Investigating the structural/legal peculiarities of political parties in US.

A longstanding concern on the US electoral left is the issue of “candidate accountability” – if we elect a left-wing candidate, how can we be sure that he or she will stay true to our politics while in office? It’s a big problem. One solution regularly proposed is that the left needs to break with the Democrats and build a third party. Rather than continuing to run candidates on the Democratic ballot line, the left should create its own party; such a party could endorse only candidates fully vetted by and accountable to the party membership, and could discipline candidates–even revoke their party membership–if they moved right in office.

This is an appealing idea. Unfortunately, here in the United States, creating a formal political party which exerts this kind of control over candidates is illegal.

Some people on the left wing of DSA argue that we need to form our own party so we can avoid candidate accountability issues like the ones they perceive in our relationship with AOC. But, as I have shown, this is exactly wrong: DSA can address candidate accountability issues only to the extent that it is not a formal political party. A formal political party would have no way of unendorsing someone like AOC.

This isn’t true in most countries. In the UK, for example, the national elected leadership of the Labour Party is perfectly capable of forbidding an individual from running for office as a Labour candidate; that’s what they did to Jeremy Corbyn. The Labour Party didn’t have to go to Corbyn’s district and door-knock, or drop a million-dollar independent expenditure on him, to knock him off the Labour line; they simply voted him off, as they had a perfect right to do. In most countries the idea that the elected leadership of a party can decide who runs on that party’s line seems quite natural–what else could it mean to have a political party?

But in the US, parties just aren’t allowed to do that—not the Democratic Party and not the Socialism Party. The Democratic Party can’t stop AOC (or Joe Lieberman, or Kyrsten Sinema, or Ilhan Omar) from running as a Democrat.

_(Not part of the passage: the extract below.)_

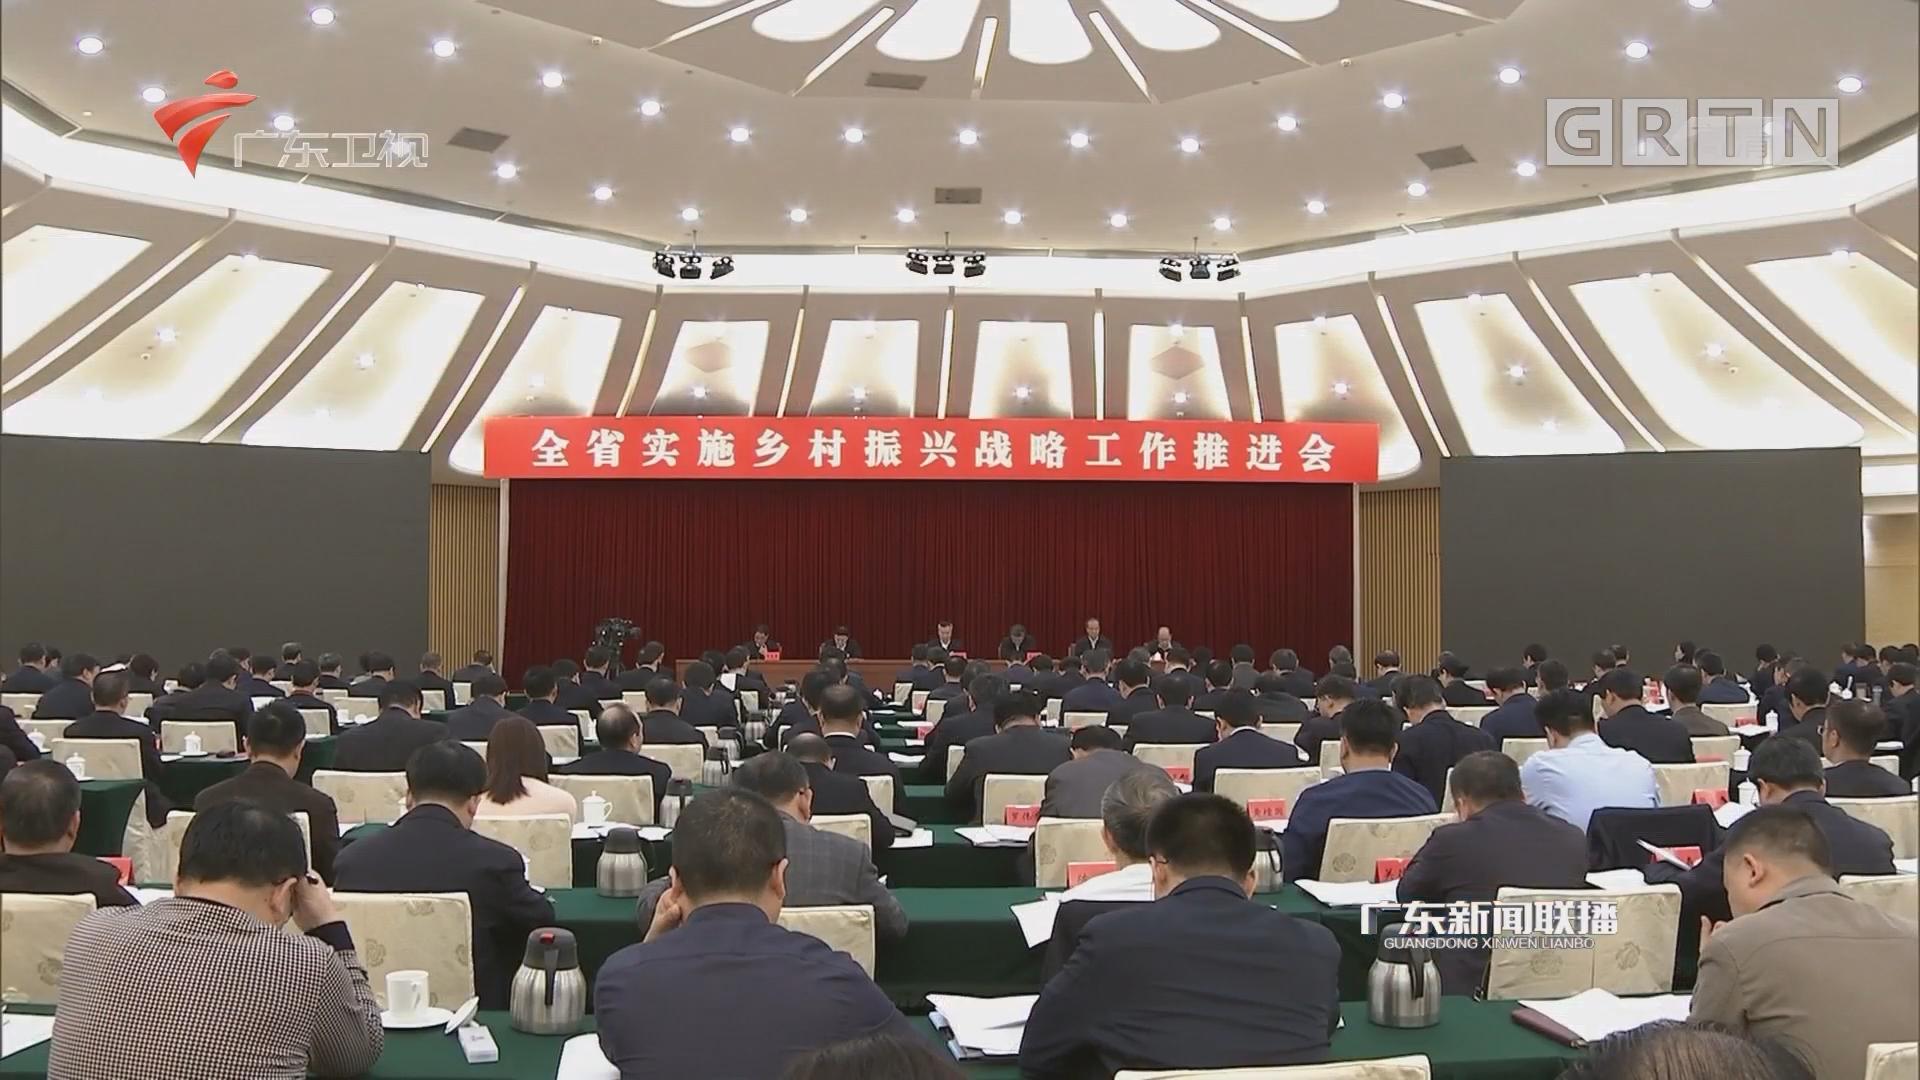 全省实施乡村振兴战略工作推进会在广州召开 对标全面建成小康社会必须完成的硬任务 坚定不移推进实施乡村振兴战略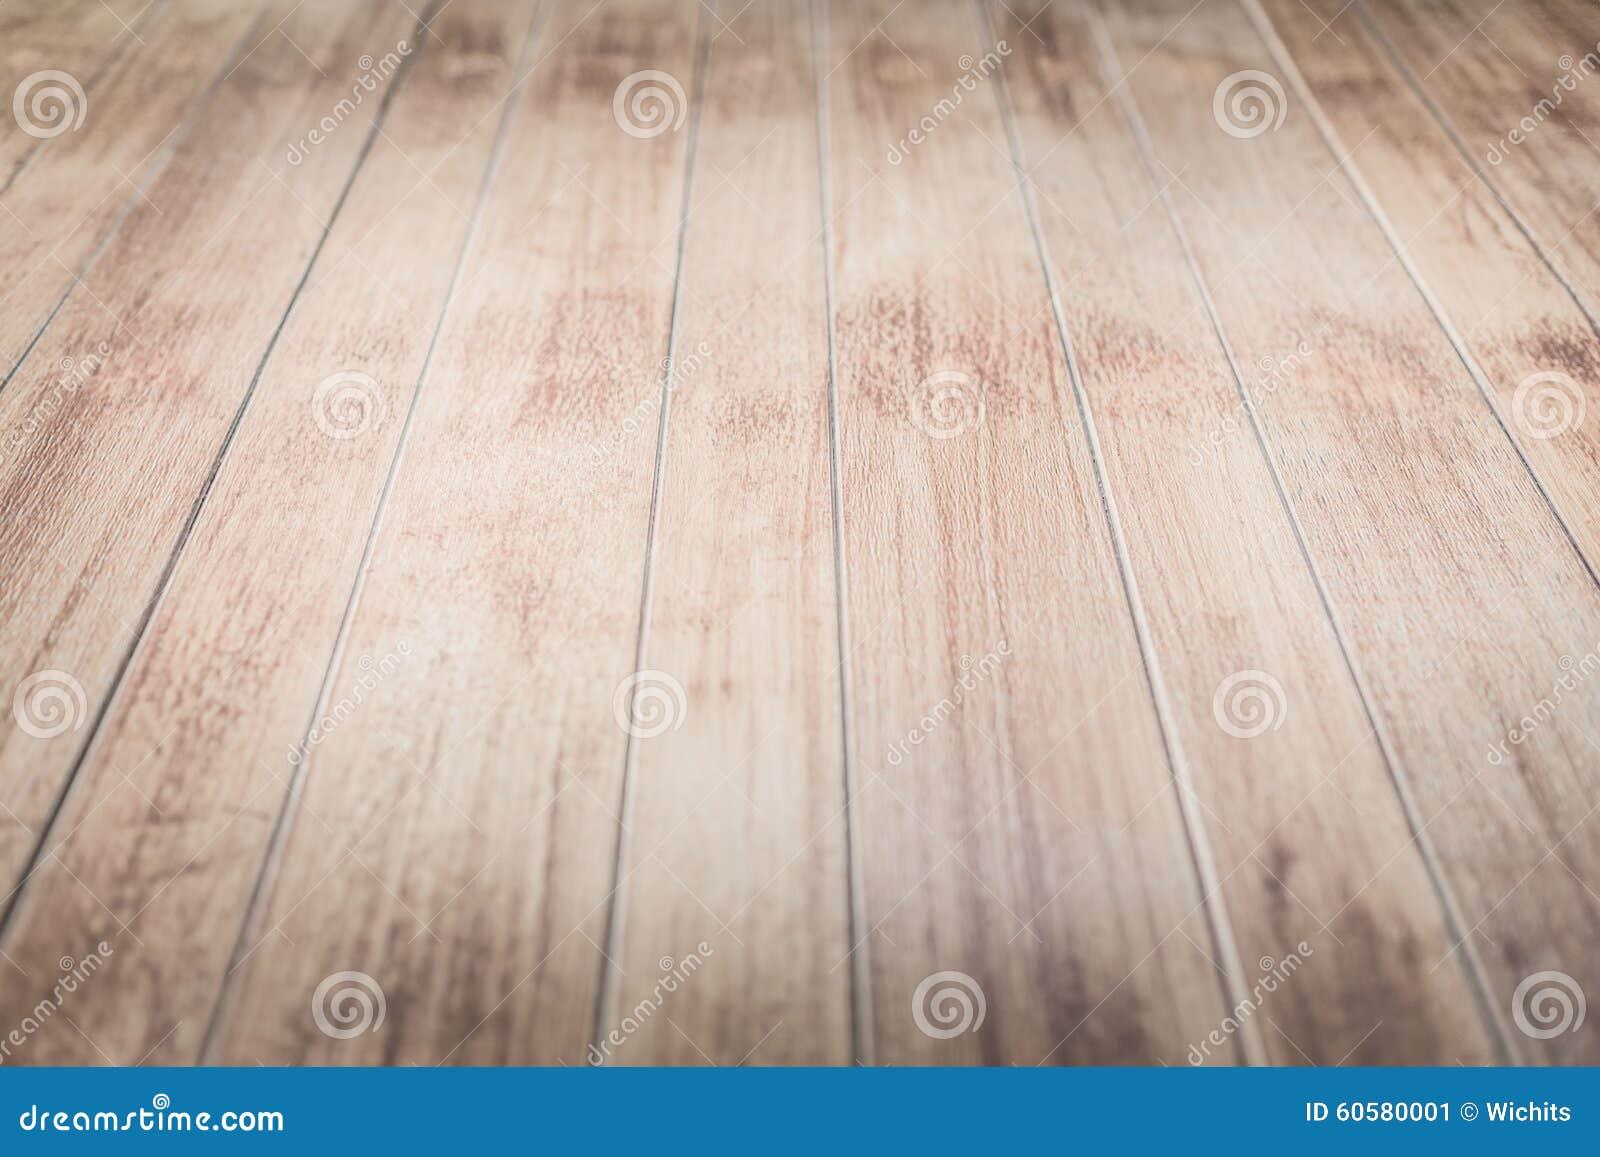 fond de plancher en bois blanchi image stock - image du menuiserie

The question of why the US regulates political party selection of candidates down to the last detail would take us beyond the scope of this essay. Briefly, though, state regulation of parties is best seen as a reformist compromise ameliorating the anti-democratic effects of the two-party duopoly. In most countries, parties can choose candidates in any way they see fit, including in ways that exclude ordinary voters from having a voice. But the potentially undemocratic effects of these selection processes are mitigated by the fact that voters who don’t like the outcomes can split and form another party. In the US, our law on political parties reflects a judgment that voters can’t (as a practical matter) form a separate (viable) party, and so as a consolation prize we have the legal right to influence the candidate selection processes of the parties we’re stuck with.

In DSA and on the US left more broadly, when we argue about whether to use the Democratic Party ballot line or create our own ballot line so we can have a disciplined party, the debate is often over whether our own ballot line is a necessary condition for party discipline and coherence (“can we build a caucus of elected socialists if they’re elected on the Democratic line, or do we need our own line?”) That’s the wrong question. The right question is whether our own ballot line is even compatible with discipline and coherence (“can we maintain electoral unity when our decision-making process on who to back electorally is taken out of our hands, broken up across hundreds of districts and opened to anyone who wants to participate?”) and the answer is, obviously, no we can’t.

This is a double-edged sword for the left. On the one hand, we can’t build our own ballot-line party that enforces candidate discipline through collective decisions. But on the other hand, neither can “the” Democratic Party. “The” Democratic Party is legally bound to let us run on “their” ballot line in “their” internal (primary) elections. If they weren’t – if the laws were different – then we’d find it both necessary and also possible to form a ballot-line third party. As things stand, it is not necessary and also not possible.

None of this is to say that we can stop worrying about candidate accountability and party discipline. The absence of real, disciplined political parties is a colossal problem in US politics; not only does it confront the socialist left with the constant threat of political co-optation, but the very same issue makes it enormously difficult for even moderate Democrats to enact their political agenda. One need think only of the fate of Biden’s very progressive domestic agenda in 2021-22 at the hands of Joe Manchin and Kyrsten Sinema. The lack of a framework for meaningfully accountable electoral representation in the US is a huge barrier to enacting not only radical but even moderate reforms.

But the left is deluded if it believes that forming a new ballot-line political party will help overcome this barrier. Realistic efforts to address the problem of party accountability and discipline must begin from the observation that these characteristics, which are intrinsic features of formal political parties in most democracies, are incompatible with formal political partyhood in the US.